Bilatérales II et Europe des polices

Pour les entreprises suisses, les Bilatérales II n’ont cependant pas la même importance que les Bilatérales I, qui font déjà partie de l’acquis communautaire. Elles enregistrent cependant des gains sectoriels significatifs. En particulier, l’accord sur les produits agricoles transformés (chocolat, biscuits, crèmes glacées, etc.) supprime les droits de douane pour les exportations suisses. Plus marginalement, l’accord Schengen-Dublin est favorable au tourisme et au voyages d’affaires des ressortissant-e-s extérieurs à l’UE (un seul visa Schengen suffit); il en va de même des mesures sur l’environnement, la statistique, les médias et l’éducation.
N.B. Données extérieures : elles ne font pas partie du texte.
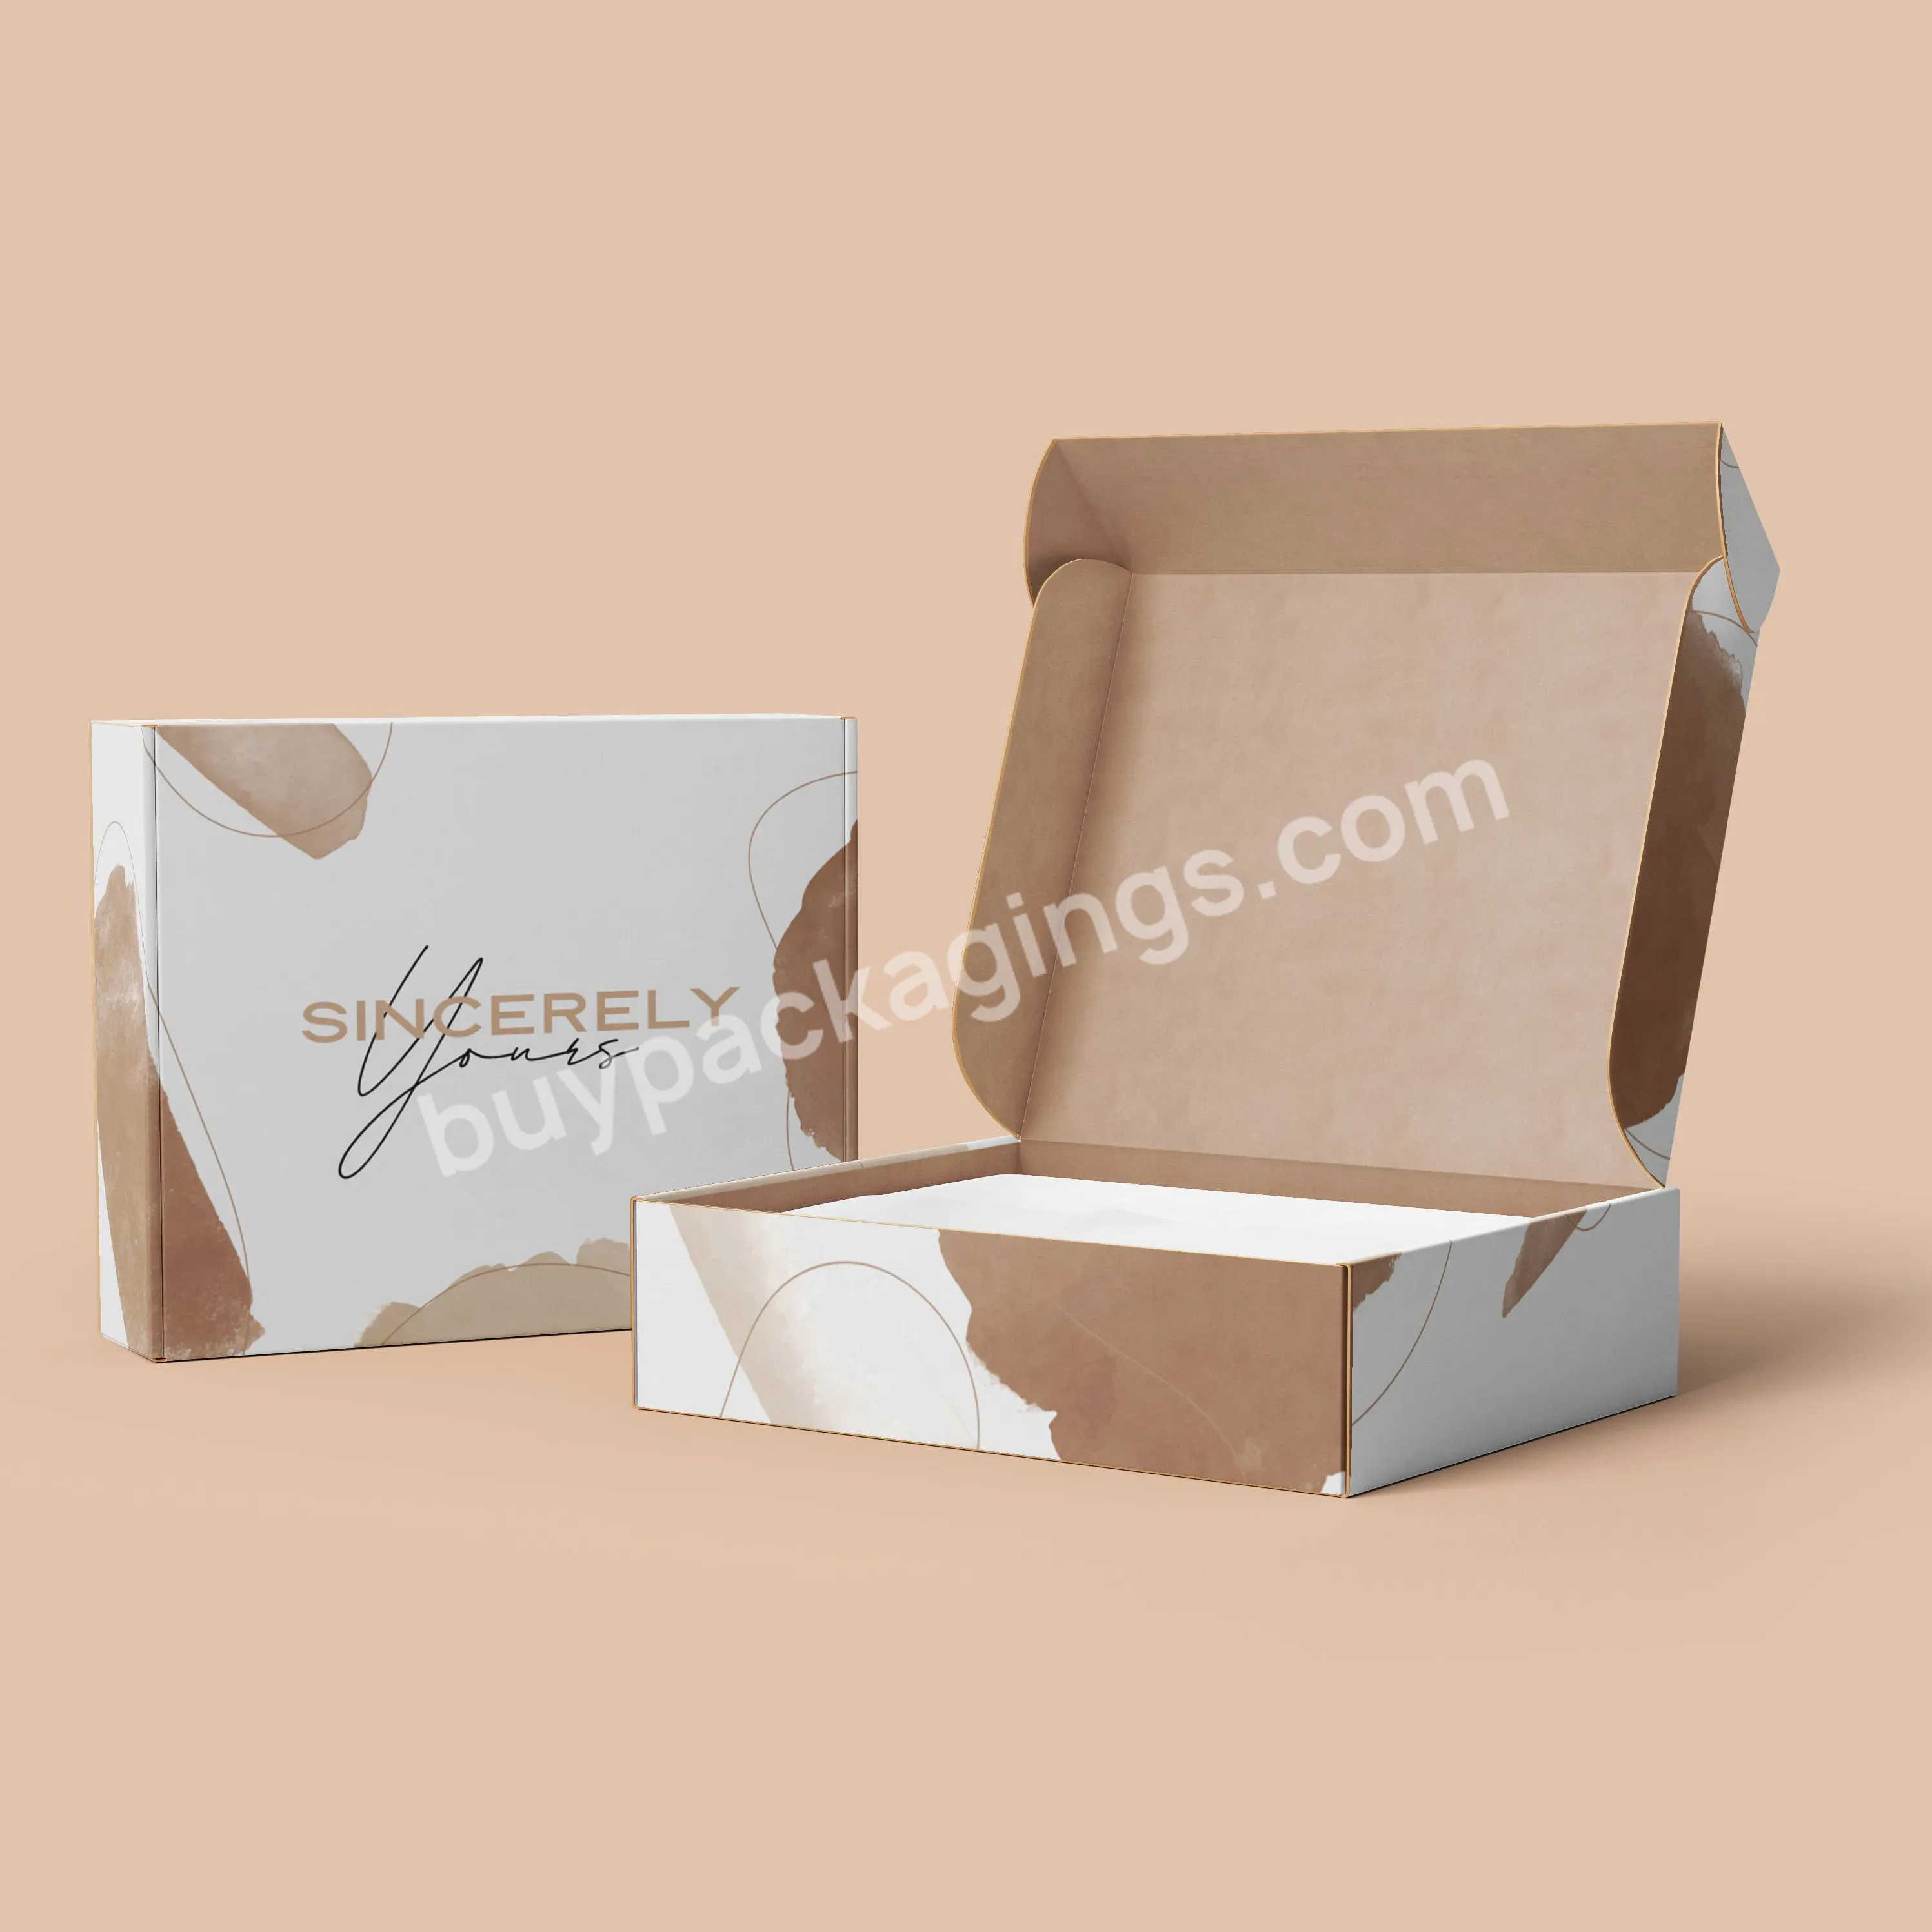 Oem China Manufacturer Factory High Quality Lamination Wholesale Cmyk Printing Paper Box Packaging

En réalité, les dispositions centrales de l’accord Schengen-Dublin, de même que les deux accords sur la fiscalité de l’épargne et la répression des fraudes, marquent surtout un pas vers la collaboration policière et judiciaire avec l’UE. Ainsi, l’accès aux banques de données informatisées SIS (personnes recherchées) et EURODAC (requérants d’asile, avec empruntes digitales) renforce l’intégration de la Suisse à l’Europe des polices. Celle-ci prévoit cependant une très large immunité pour la place financière, Micheline Calmy-Rey ayant placé l’ensemble des négociations – comme son élection au Conseil Fédéral – sous le signe de la défense intransigeante du secret bancaire.

Pour les militant-e-s poursuivis à l’issue d’une manif ou d’une occupation, les migrant-e-s sans autorisation et les requérant-e-s d’asile, c’est la garantie d’un contrôle accru, grâce à l’informatisation des données à l’échelle européenne. En revanche, pour la place financière, les résultats sont inespérés: l’UE reconnaît le secret bancaire, contre une retenue de 35% sur les intérêts des placements des personnes physiques de l’UE (75% pour l’UE, 25% pour la Confédération) et une collaboration dans le domaine de la répression des fraudes en matière d’impôts indirects, de subventions et de marchés publics.

Une autre Europe est nécessaire

Même si les concessions helvétiques sont négligeables, c’en est encore trop pour l’UDC et l’ASIN, qui annoncent un référendum contre Schengen, dénoncé comme un pas de trop vers l’intégration à l’UE. Pragmatiques, le PRD et les milieux patronaux défendent une ratification individualisée, puisque cette fois-ci, le rejet de l’un des accords ne devrait pas faire capoter les autres. A l’opposé, le PSS et le PDC plaident pour un traitement des neufs accords en bloc, afin de faire passer leur acceptation pour une avancée vers l’adhésion à l’UE. Pour nous, il n’est ni question de soutenir ces bilatérales patronales et sécuritaires ni de souscrire au solo impérialiste et xénophobe d’une Suisse version Blocher. Une autre Europe est nécessaire!